Chilled roasted red bell pepper soup with summer vegetables
Bell peppers are one of the easiest local things to find. Many produce markets and supermarkets will be carrying local bell peppers now. It's some of the other summer vegetables in the recipe that may not be as easy. Take celery. If you ever make soup or stew, you probably need celery. Yet, local celery is not particularly easy to find. I've never seen it outside a farmer's market, not at Whole Foods, Caputo's, anywhere like that. At the farmer's market, you will also not find it at every stand. Nicholl's Farm, at 20 area markets, however, is a source. I recommend buying much celery now, cutting it and freezing it, for later use in soups/braises.
Caramelized cavolo nero with slow-poached chicken breast
There is one grower that routinely sells cavolo nero or Tuscan black cabbage, Kinnikinnick Farm, at Green City Market. I'm sure you can make something just as good with the many types of greens from Green Acre Farms, Henry's Farm or Genesis Growers. You will have to shop farmer's market again, for this one.

Tuesday, August 21, 2007

Wettsteins Pork Shoulder Confit, Huckleberry” blue", Local Cranberry Beans, House Made, Michigan Blueberry Parfait, August Hill Winery

New View Menu Posted

(Link)

Want more?
local plum crisp, fresh raspberries, wild watercress, roasted and pickled peaches, preserved meyer lemons*, kinnikinnick farm heirloom tomatoes, marinated and wood-grilled, lovage, hand cut
I don't know about you, but those are the kinda words that I look for on a menu.
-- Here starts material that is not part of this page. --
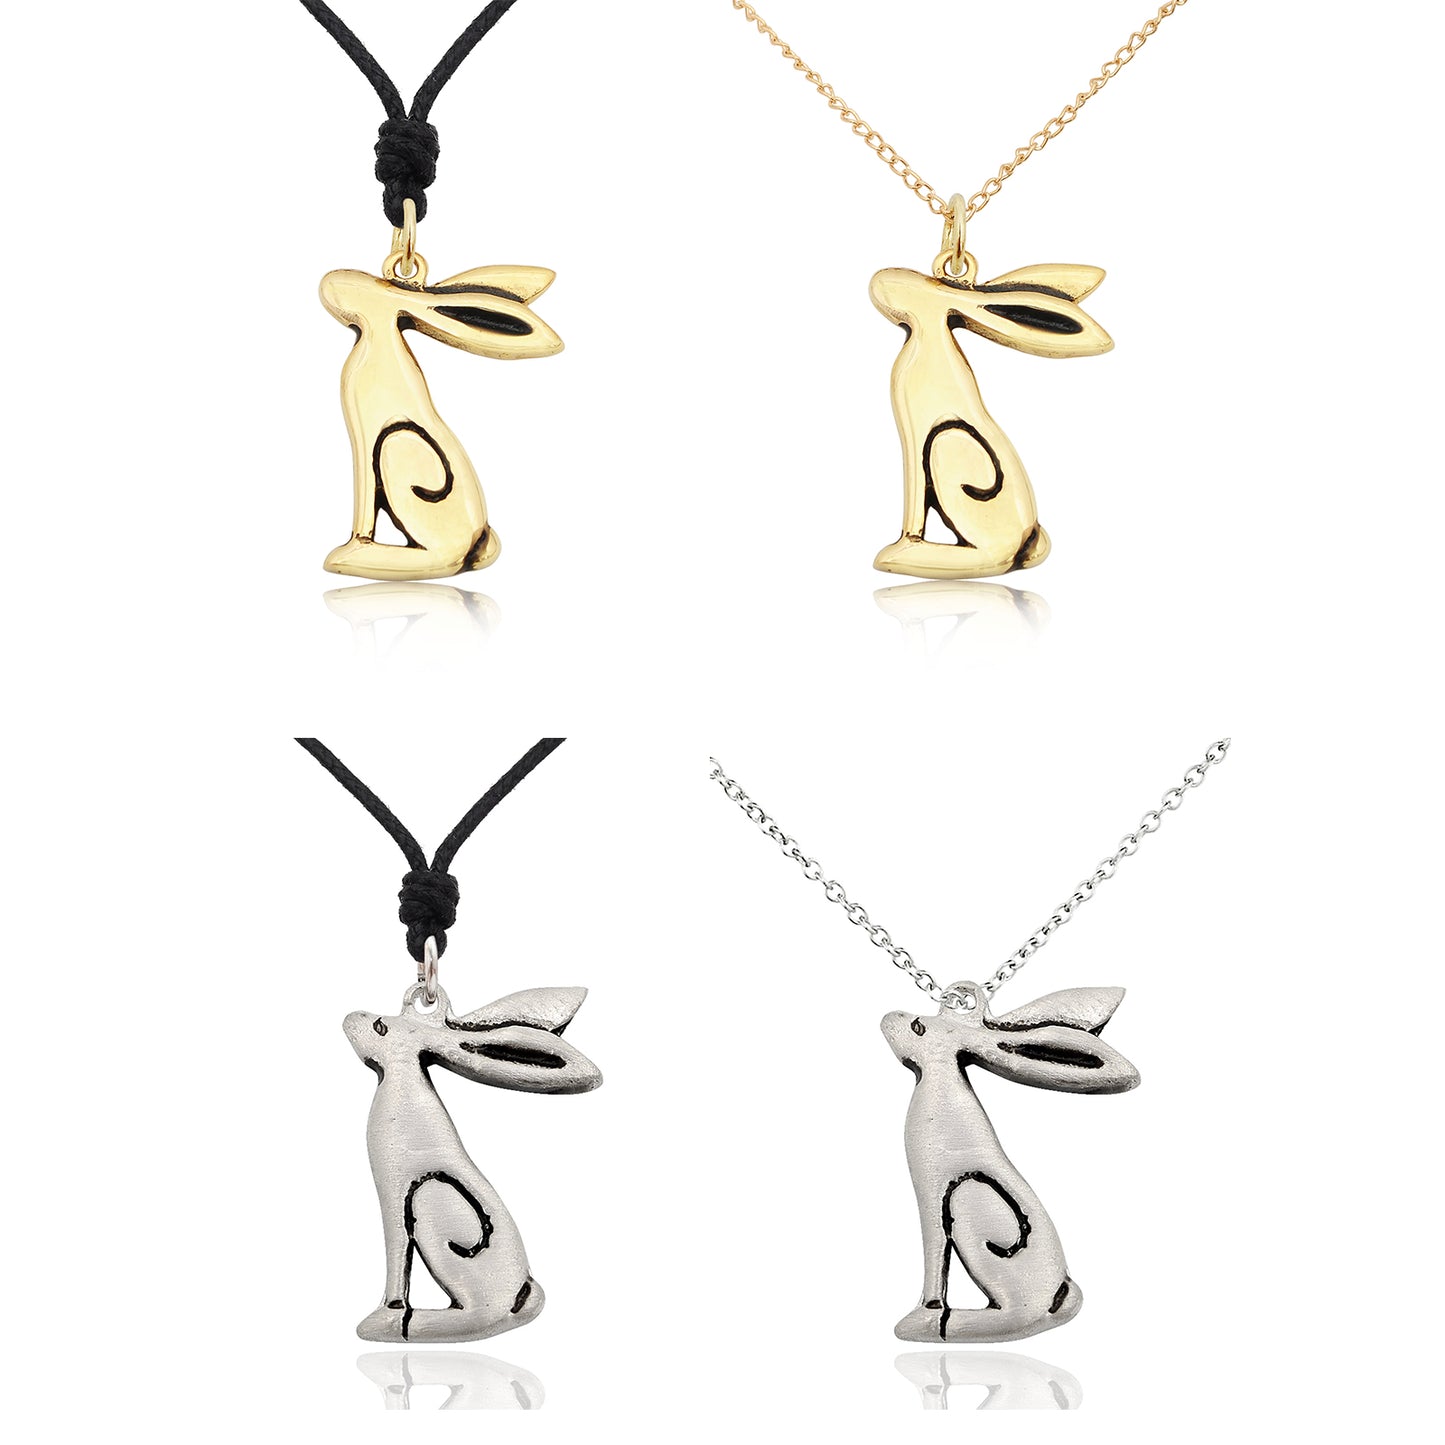 Cute Rabbit Handmade Brass Pewter Charm Necklace Pendant Jewelry

BTW, I'm a menu old on my links, before this, a menu was posted on August 3, 2007, so if you are collecting, you missed one.
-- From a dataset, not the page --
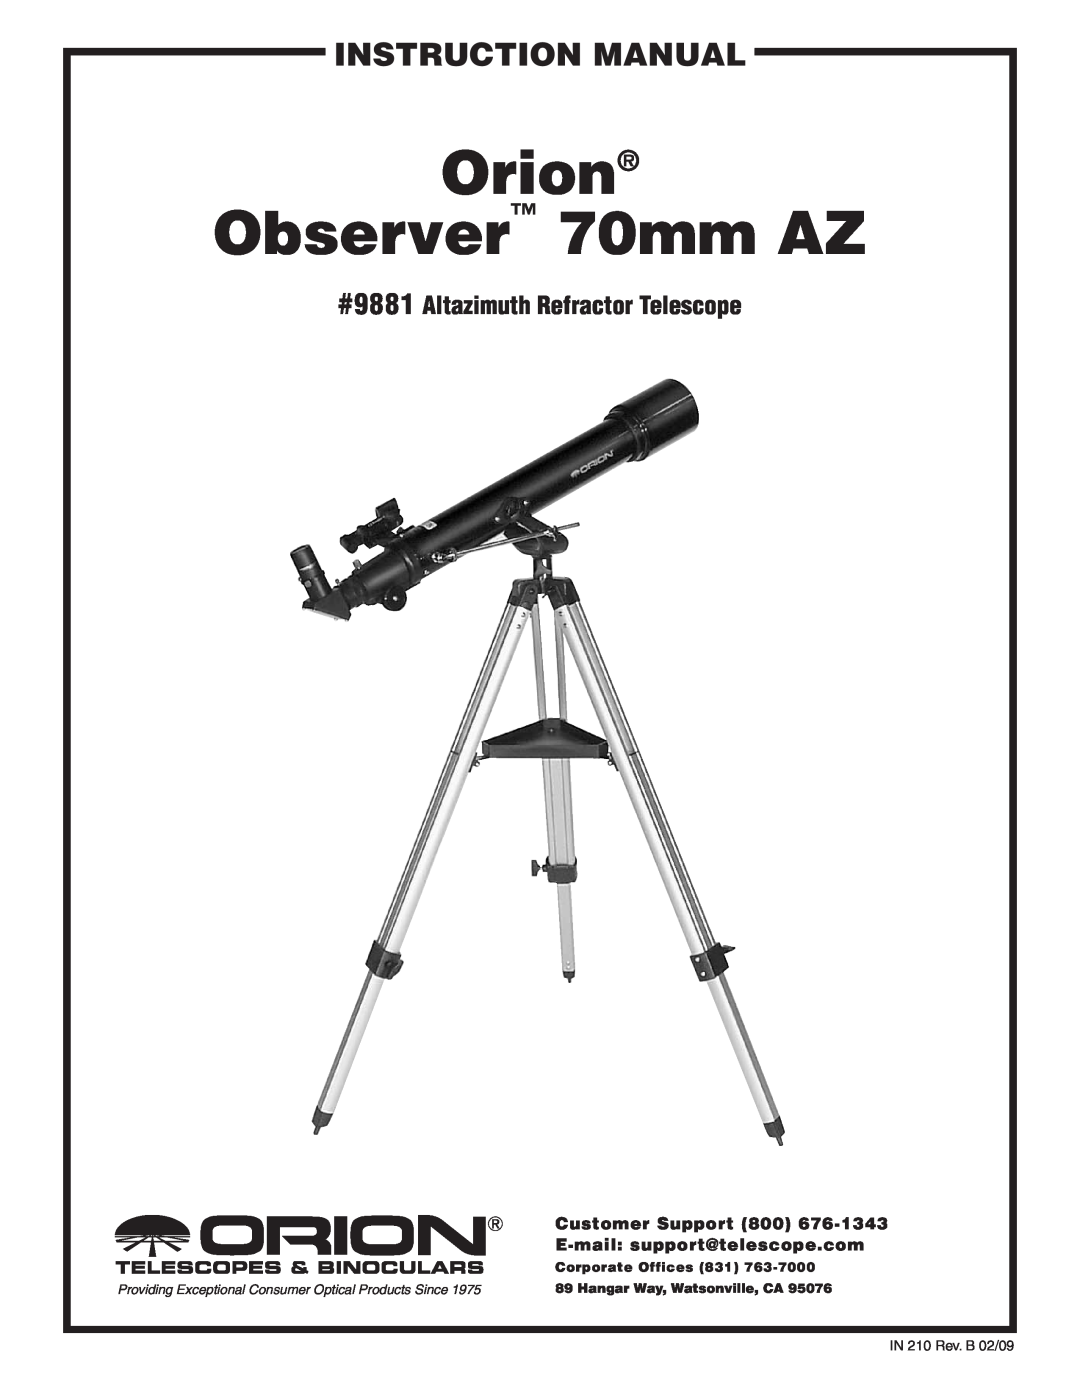 Orion 70MM AZ instruction manual #9881 Altazimuth Refractor Telescope, Orion Observer 70mm AZ, Customer Support

In other Vie news, Vie's been nominated for a GNR (Great Neighborhood Restaurant) at LTHForum.com.

*Not a local ingredient, but I know that Chef Virant gets them "local" from a friend of his.

Monday, August 20, 2007

How to Eat Local

The Price You Will Pay

The Chicago Eat Local Challenge is almost here. I imagine a few more of you signed up this weekend at Green City. The melons and tomatoes and what not, I am sure, had you salivating. You'll be eating fresher. You'll be getting more varieties. You'll be doing your part for the environment. Have you stopped to think of the cost.

No, not the price of tomatoes. You can get cheaper heirloom tomatoes from Farmer Vicki's Genesis Growers or Nicholl's Farms than you can get at Whole Foods. Not the price of gas from running to some u-pick in Indiana. Not the cost of having to plan your meals in advance as you wait for your local meat to defrost. I mean the price you pay in water.
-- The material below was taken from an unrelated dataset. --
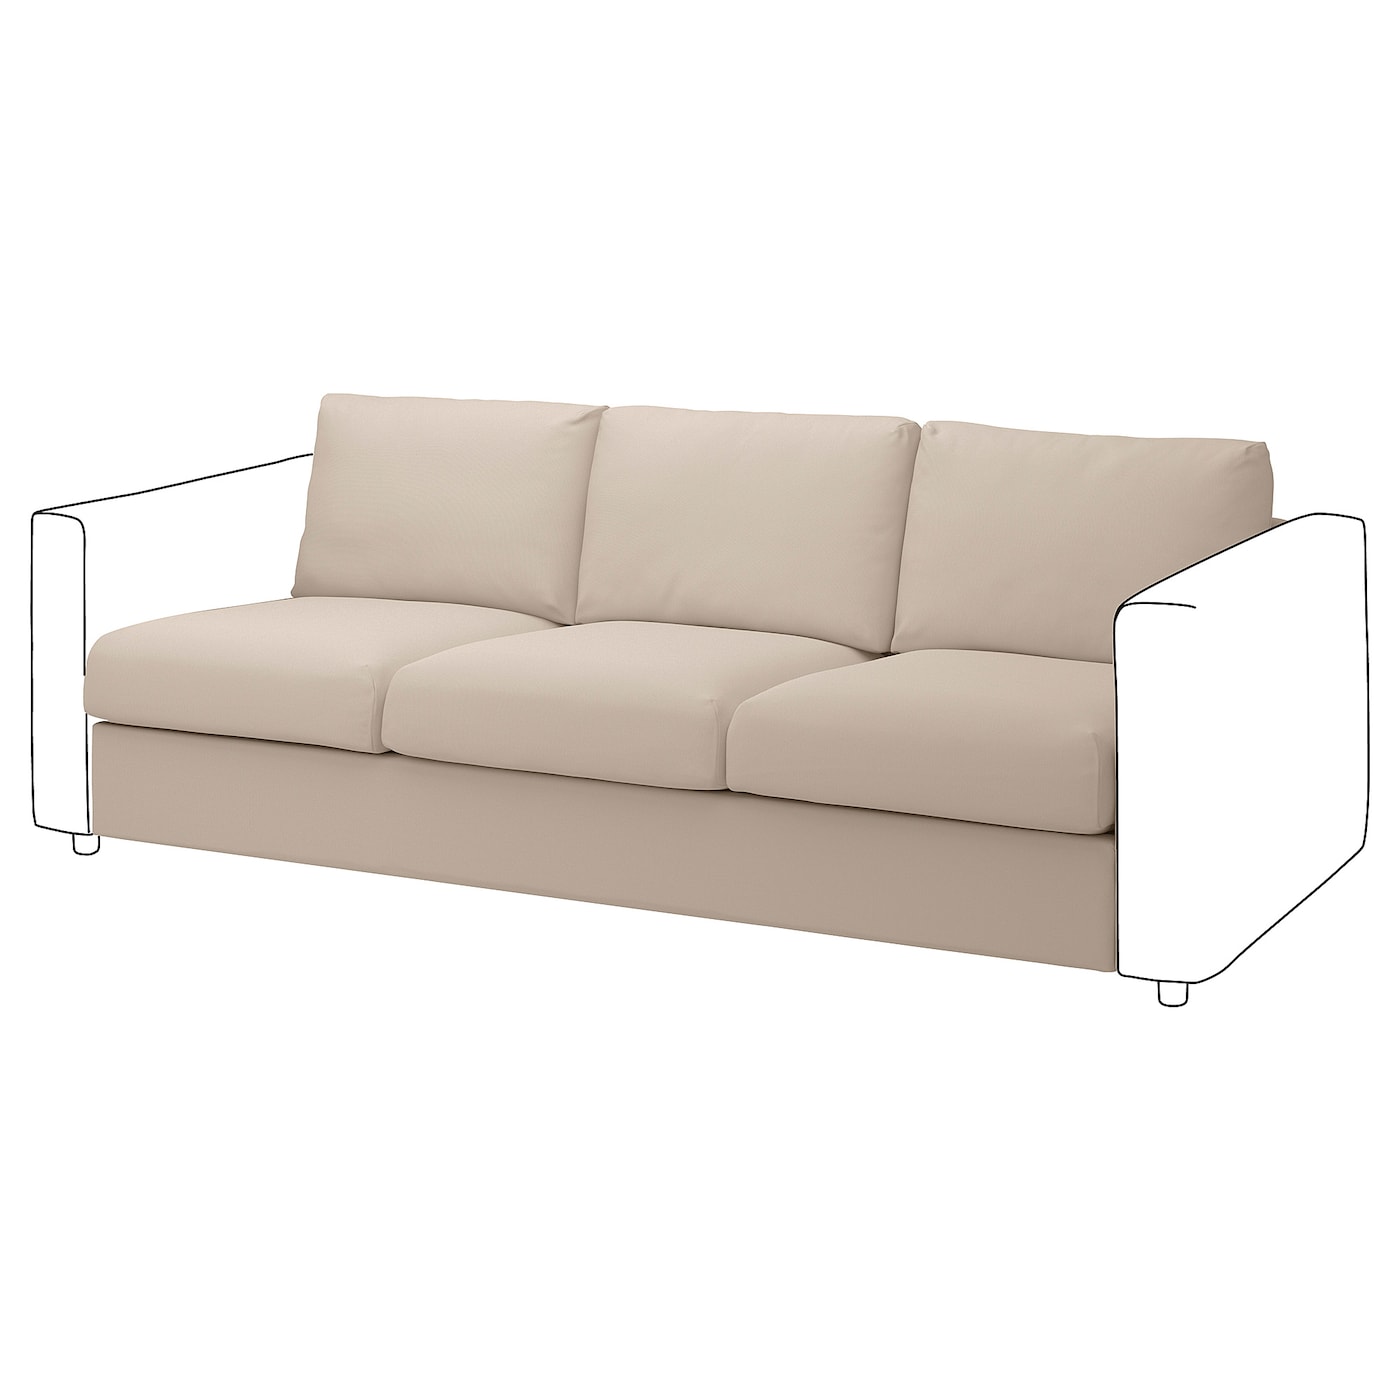 ВИМЛЕ 3-местный диван, Халларп бежевый VIMLE IKEA

Local food is wet, really wet. The descriptor I've used a lot for local food, especially fruits and vegetables, is that it tastes alive. Not alive like the tiny worm that crawled out of one of my tomatoes last week; not alive as in so close to the farm I can practically smell the manure. I mean the food has a vitality, a spunk, that supermarket food does not. This summer, which has been the summer of the Greek salad, I really pinned down what made that alive-ness.

The cooking utensil I used the most of, of late, is the strainer. It started with salting the cucumbers, crisp them up. Soon, I needed to lay tomato slices across a strainer or else the salad would be in a pool. Now, I find that so many of my farm fresh veg throw off an enormous amount of water. Take my bell peppers, are these supposed throw off so much precipitation? Chile peppers? I do not, not, have enough colanders, strainers, salad spinners and other such devices to dry my food. I do not especially like wet food, makes dressings all watery and gets the rest of the plate soggy. It is a price I pay for having my food exceedingly fresh. Local.